WHAT IS NEEDED ▸ Give every line of the data again, unchanged, but with no pictures.

MATERIAL PROVIDED ▸
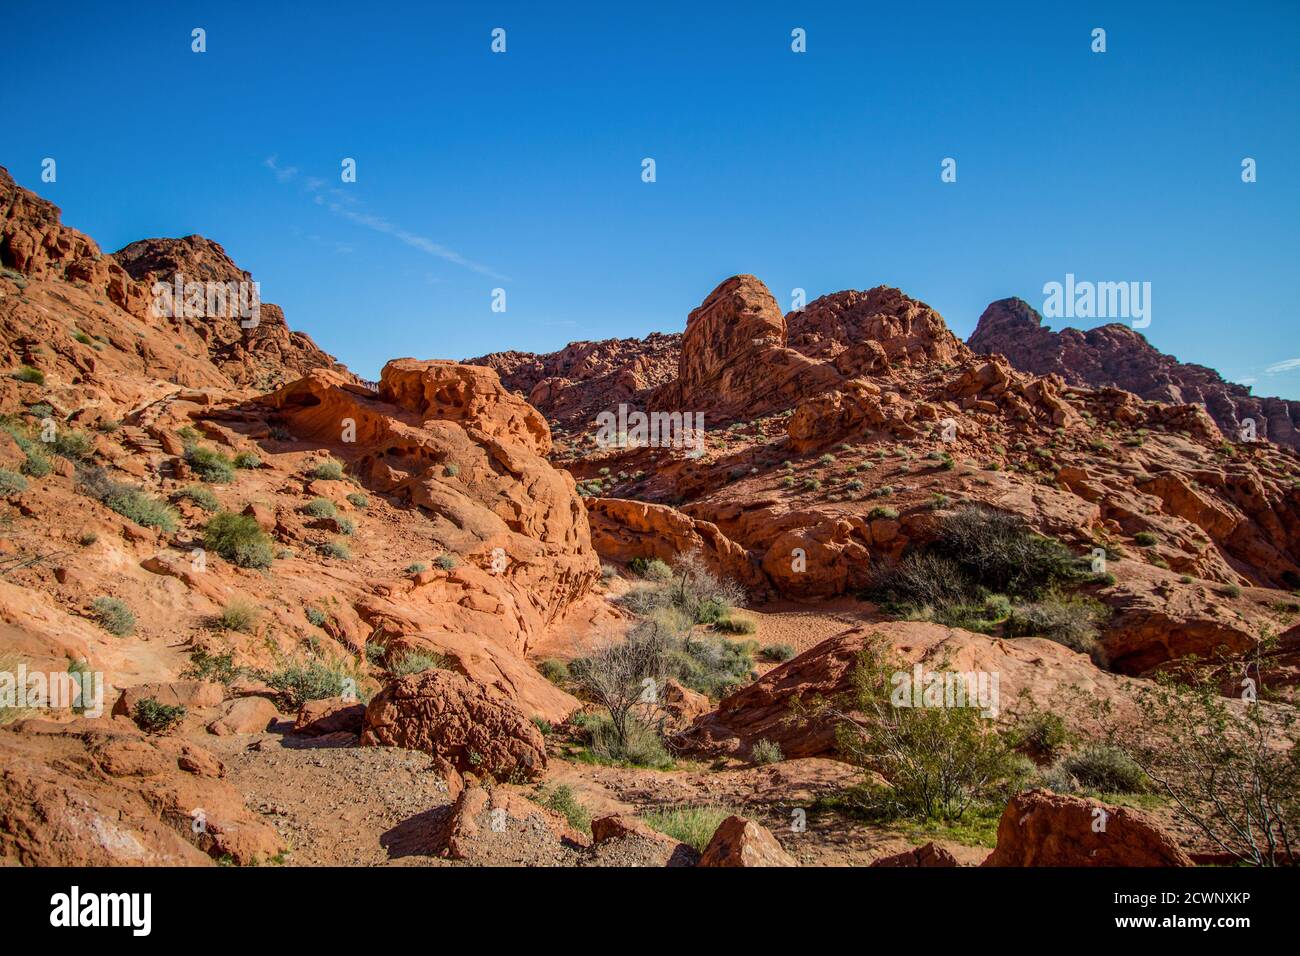 Valley of Fire. Red rock mountains and cliffs in the desert of Nevada at Valley of Fire State Park. Stock Photo
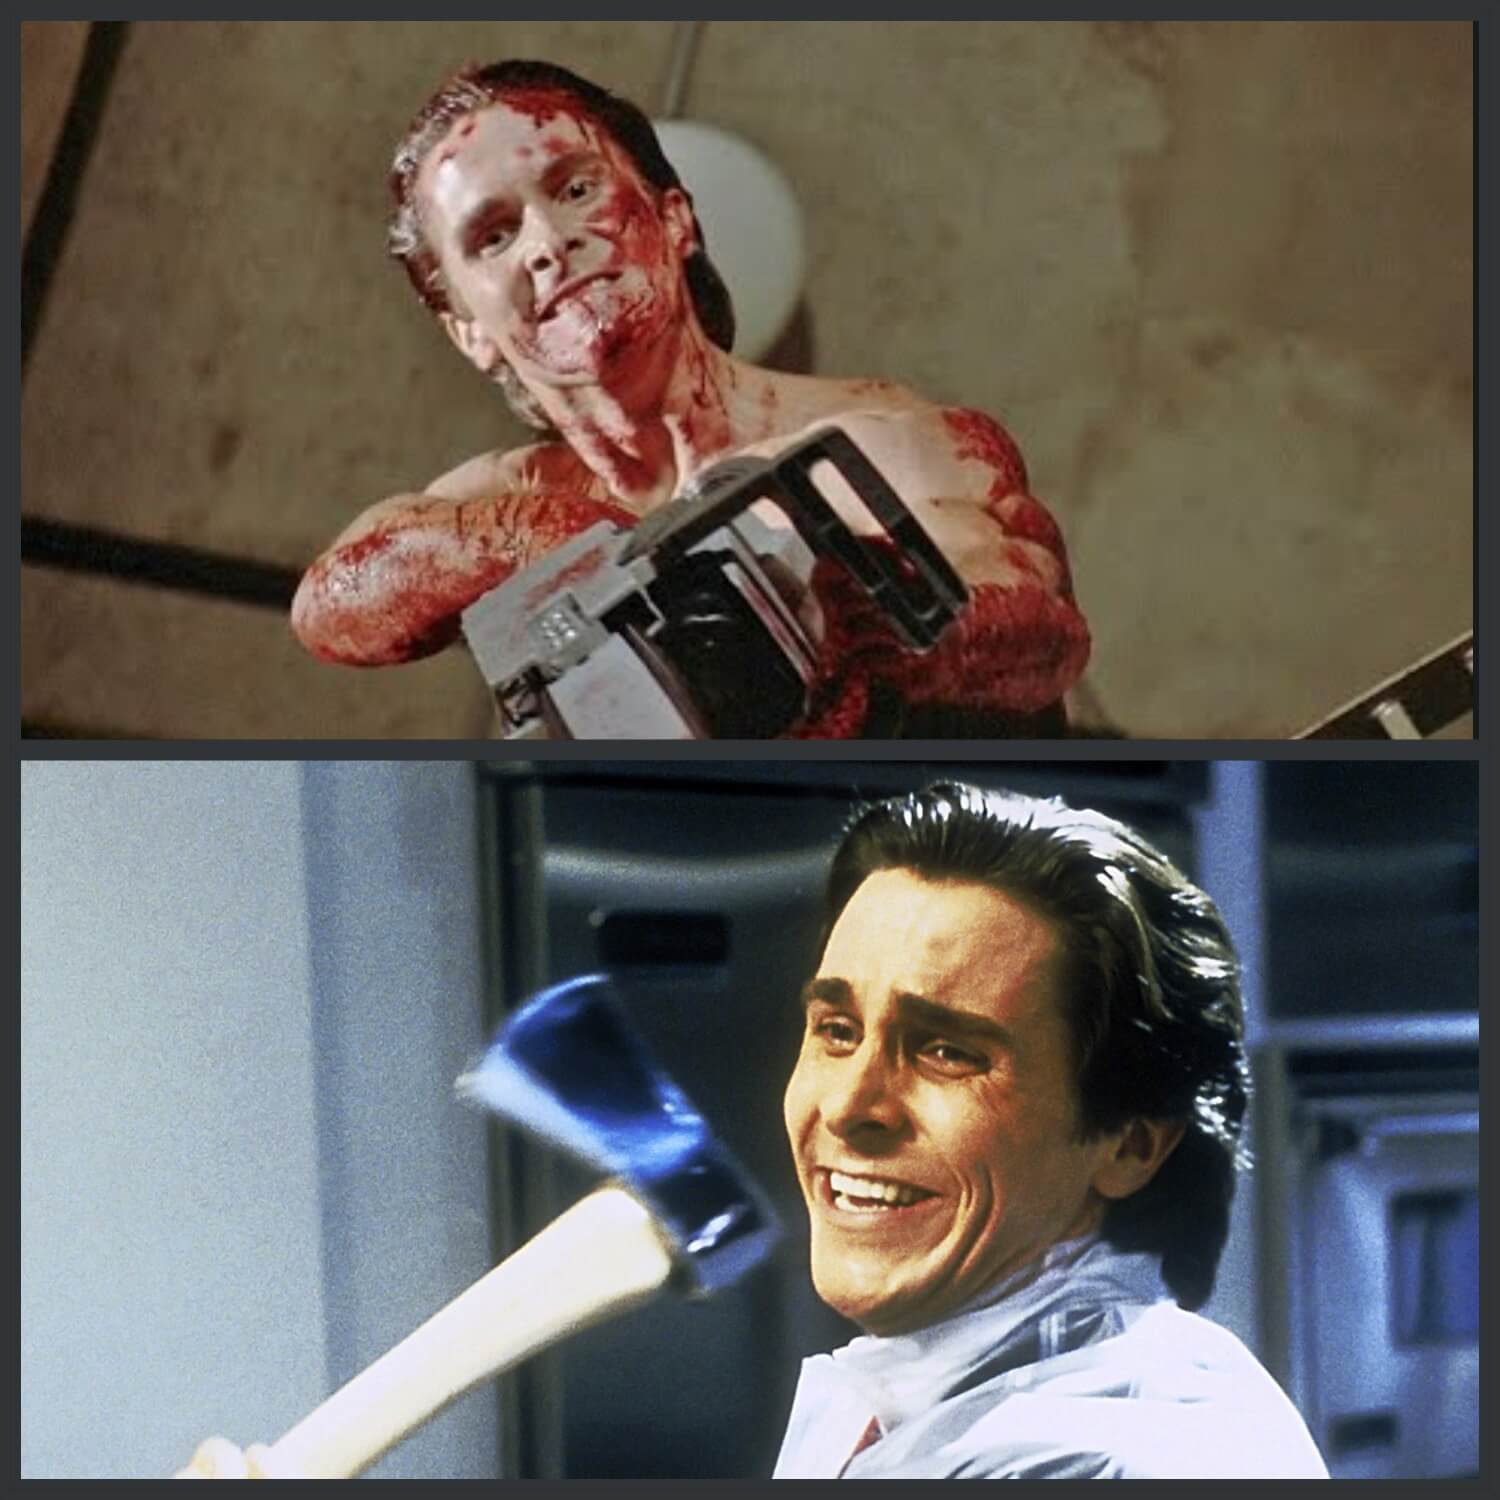 Different Patrick Bateman in Different Situations
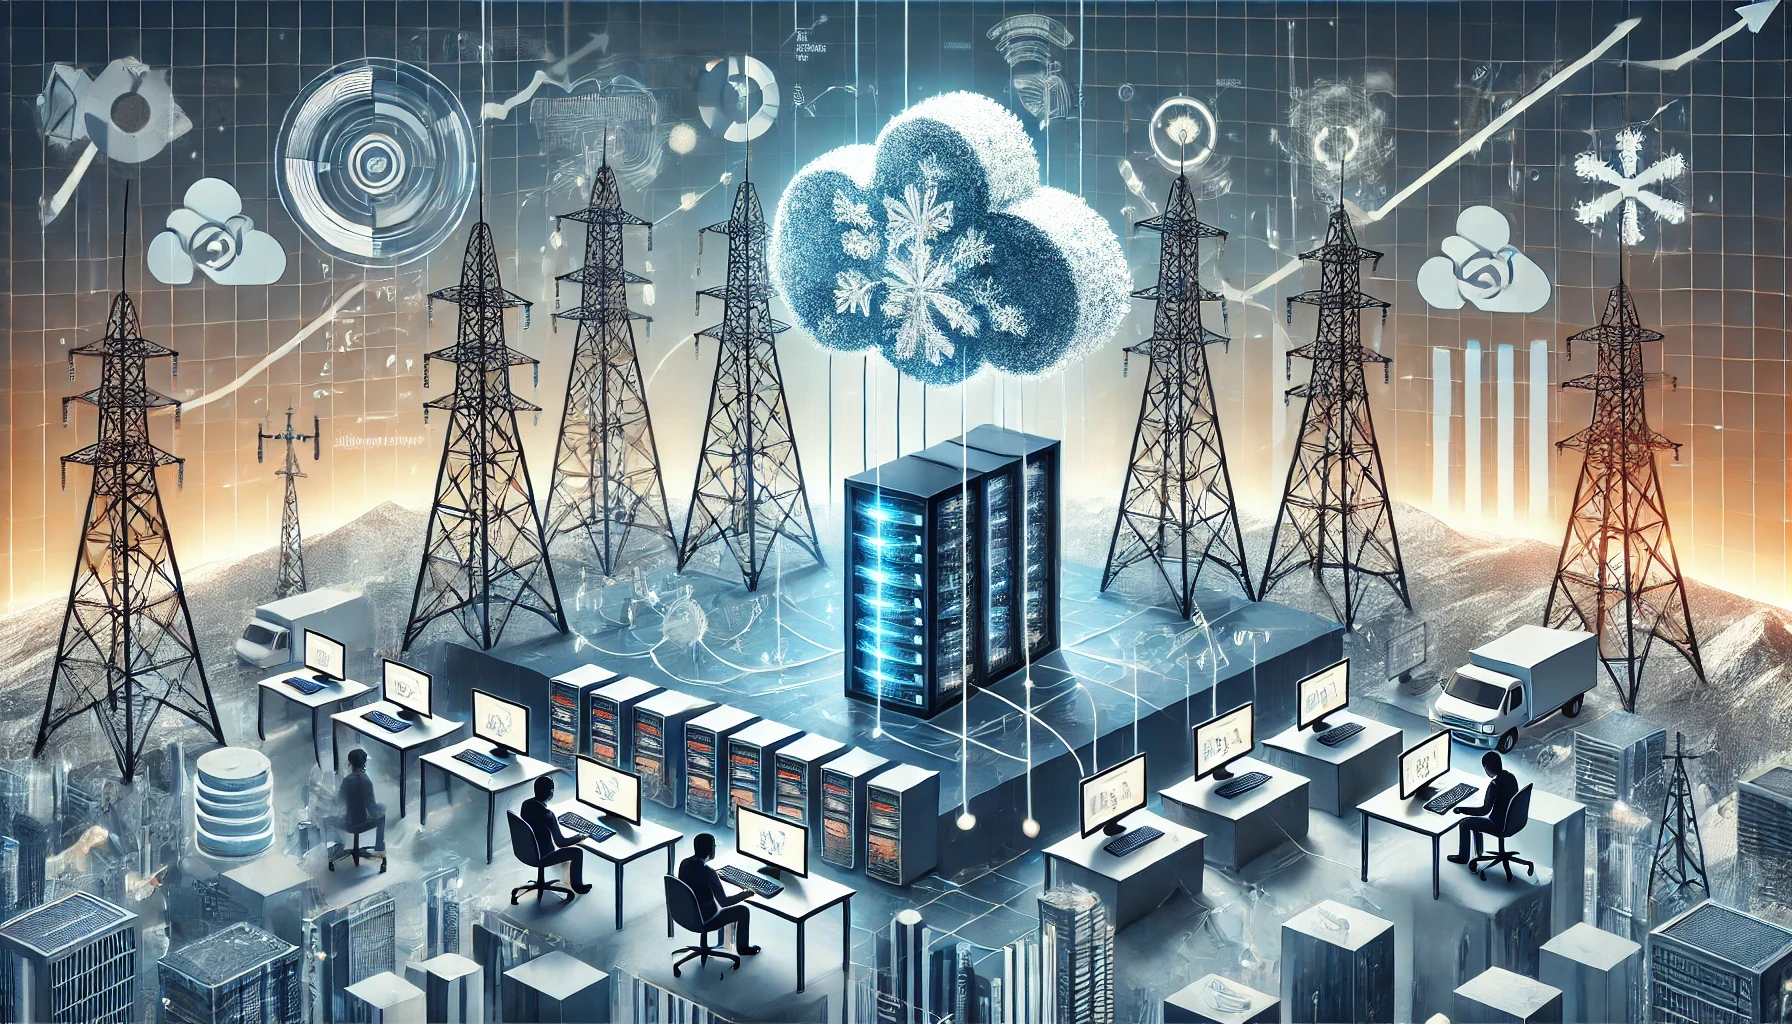 Illustration of telecom companies transitioning from Databricks to Snowflake, featuring telecom towers, data lines, and professionals working on computers, emphasizing cost efficiency.

RESPONSE ▸
 Valley of Fire. Red rock mountains and cliffs in the desert of Nevada at Valley of Fire State Park. Stock Photo
 Different Patrick Bateman in Different Situations
 Illustration of telecom companies transitioning from Databricks to Snowflake, featuring telecom towers, data lines, and professionals working on computers, emphasizing cost efficiency.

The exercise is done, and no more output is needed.